Basic MathGuides

Partial Differential Equations

Comprehensive Guide to Partial Differential Equations (PDEs)

What is a Partial Differential Equation?

A Partial Differential Equation (PDE) is an equation involving an unknown function of two or more variables and its partial derivatives. Unlike ordinary differential equations (ODEs) which involve derivatives with respect to only one variable, PDEs describe relations involving rates of change with respect to multiple variables.

Table of Contents

  1. Classification of PDEs
  2. Common Types of PDEs
  3. Solution Methods
  4. Detailed Examples
  5. Real-world Applications
  6. Interactive Quiz

1. Classification of PDEs

By Order

The order of a PDE is the highest derivative that appears in the equation.

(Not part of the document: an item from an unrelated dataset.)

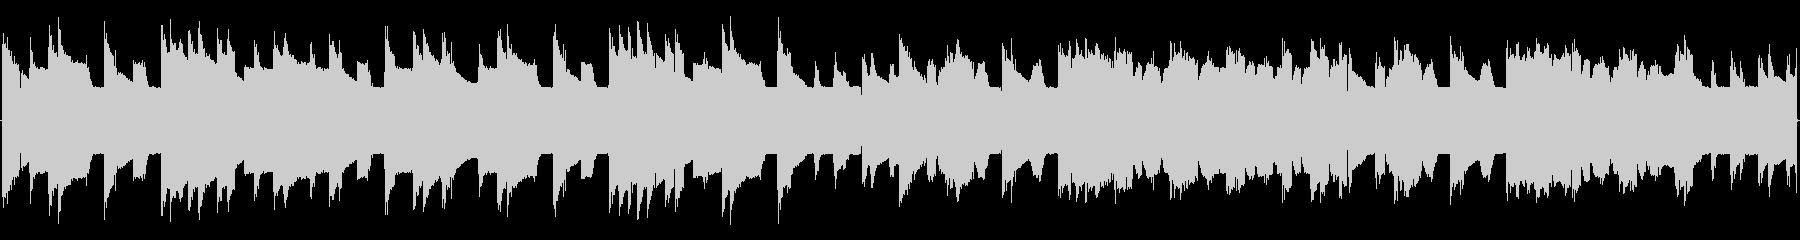 チップチューンの短いジャズループ3の未再生の波形

First-order PDE: ∂u/∂x + ∂u/∂y = 0

Second-order PDE: ∂²u/∂x² + ∂²u/∂y² = 0 (Laplace's equation)

By Linearity

Linear PDEs: These equations can be written in the form where the unknown function and its derivatives appear linearly (no products of the function or its derivatives).

Non-linear PDEs: These involve products of the unknown function or its derivatives.

Linear PDE: ∂²u/∂t² - c²∇²u = 0 (Wave equation)

Non-linear PDE: ∂u/∂t + u∂u/∂x = 0 (Burgers' equation)

By Homogeneity

A PDE is homogeneous if every term involves the unknown function or its derivatives.

Homogeneous PDE: ∂²u/∂x² + ∂²u/∂y² = 0

Non-homogeneous PDE: ∂²u/∂x² + ∂²u/∂y² = f(x,y)

Classification of Second-Order Linear PDEs

For a second-order linear PDE in two variables:

A∂²u/∂x² + B∂²u/∂x∂y + C∂²u/∂y² + lower order terms = 0

The classification depends on the discriminant B² - 4AC:

Classification Condition Typical Example
Elliptic B² - 4AC < 0 Laplace's equation: ∇²u = 0
Parabolic B² - 4AC = 0 Heat equation: ∂u/∂t = k∇²u
Hyperbolic B² - 4AC > 0 Wave equation: ∂²u/∂t² = c²∇²u

2. Common Types of PDEs

The heat equation describes the distribution of heat (or temperature) in a given region over time.

∂u/∂t = k∇²u

where u(x,t) represents temperature, t is time, x is position, and k is the thermal diffusivity.

1D Heat Equation: ∂u/∂t = k∂²u/∂x²

This models heat conduction in a one-dimensional rod.

The wave equation describes the propagation of waves, such as sound waves, light waves, or water waves.

∂²u/∂t² = c²∇²u

where u(x,t) represents the displacement, t is time, x is position, and c is the wave propagation speed.

1D Wave Equation: ∂²u/∂t² = c²∂²u/∂x²

This models the vibration of a string, such as a guitar string.

The Laplace equation describes steady-state phenomena in potential theory, such as electrostatic or gravitational fields in regions without charges or masses.

∇²u = 0

where u(x) represents the potential function and ∇² is the Laplace operator (sum of second derivatives).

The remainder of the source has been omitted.